### Available data ###

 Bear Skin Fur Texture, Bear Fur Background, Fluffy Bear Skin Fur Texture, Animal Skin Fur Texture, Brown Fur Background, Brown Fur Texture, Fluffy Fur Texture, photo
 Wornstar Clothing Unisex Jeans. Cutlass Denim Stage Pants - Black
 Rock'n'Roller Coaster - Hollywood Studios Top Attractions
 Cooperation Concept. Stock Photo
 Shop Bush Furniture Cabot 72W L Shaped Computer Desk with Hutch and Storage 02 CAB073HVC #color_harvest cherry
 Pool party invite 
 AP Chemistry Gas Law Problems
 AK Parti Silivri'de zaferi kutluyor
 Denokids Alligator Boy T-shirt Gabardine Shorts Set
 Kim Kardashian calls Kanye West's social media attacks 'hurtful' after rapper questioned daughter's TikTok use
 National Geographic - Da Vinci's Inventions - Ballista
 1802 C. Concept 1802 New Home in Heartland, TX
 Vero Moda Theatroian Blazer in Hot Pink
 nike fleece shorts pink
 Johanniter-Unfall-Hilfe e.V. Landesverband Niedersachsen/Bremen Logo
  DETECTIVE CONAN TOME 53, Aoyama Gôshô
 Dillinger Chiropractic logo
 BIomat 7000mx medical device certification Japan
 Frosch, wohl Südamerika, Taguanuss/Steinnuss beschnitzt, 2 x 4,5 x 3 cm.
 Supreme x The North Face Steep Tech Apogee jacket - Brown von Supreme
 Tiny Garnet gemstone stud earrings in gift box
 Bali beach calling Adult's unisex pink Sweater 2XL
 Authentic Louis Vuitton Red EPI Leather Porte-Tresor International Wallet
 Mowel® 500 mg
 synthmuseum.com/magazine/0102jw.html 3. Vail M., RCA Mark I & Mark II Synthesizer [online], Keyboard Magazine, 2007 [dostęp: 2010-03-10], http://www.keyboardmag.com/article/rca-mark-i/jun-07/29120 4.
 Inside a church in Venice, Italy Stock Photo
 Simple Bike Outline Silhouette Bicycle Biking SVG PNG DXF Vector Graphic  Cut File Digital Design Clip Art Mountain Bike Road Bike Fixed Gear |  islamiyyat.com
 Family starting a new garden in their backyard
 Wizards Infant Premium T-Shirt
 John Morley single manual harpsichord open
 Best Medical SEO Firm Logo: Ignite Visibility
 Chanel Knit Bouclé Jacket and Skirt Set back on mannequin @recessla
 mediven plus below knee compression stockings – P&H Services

###

The answer is the line holding "Mowel® 500 mg" and all the lines after it through the end of the records, repeated exactly.

 Mowel® 500 mg
 synthmuseum.com/magazine/0102jw.html 3. Vail M., RCA Mark I & Mark II Synthesizer [online], Keyboard Magazine, 2007 [dostęp: 2010-03-10], http://www.keyboardmag.com/article/rca-mark-i/jun-07/29120 4.
 Inside a church in Venice, Italy Stock Photo
 Simple Bike Outline Silhouette Bicycle Biking SVG PNG DXF Vector Graphic  Cut File Digital Design Clip Art Mountain Bike Road Bike Fixed Gear |  islamiyyat.com
 Family starting a new garden in their backyard
 Wizards Infant Premium T-Shirt
 John Morley single manual harpsichord open
 Best Medical SEO Firm Logo: Ignite Visibility
 Chanel Knit Bouclé Jacket and Skirt Set back on mannequin @recessla
 mediven plus below knee compression stockings – P&H Services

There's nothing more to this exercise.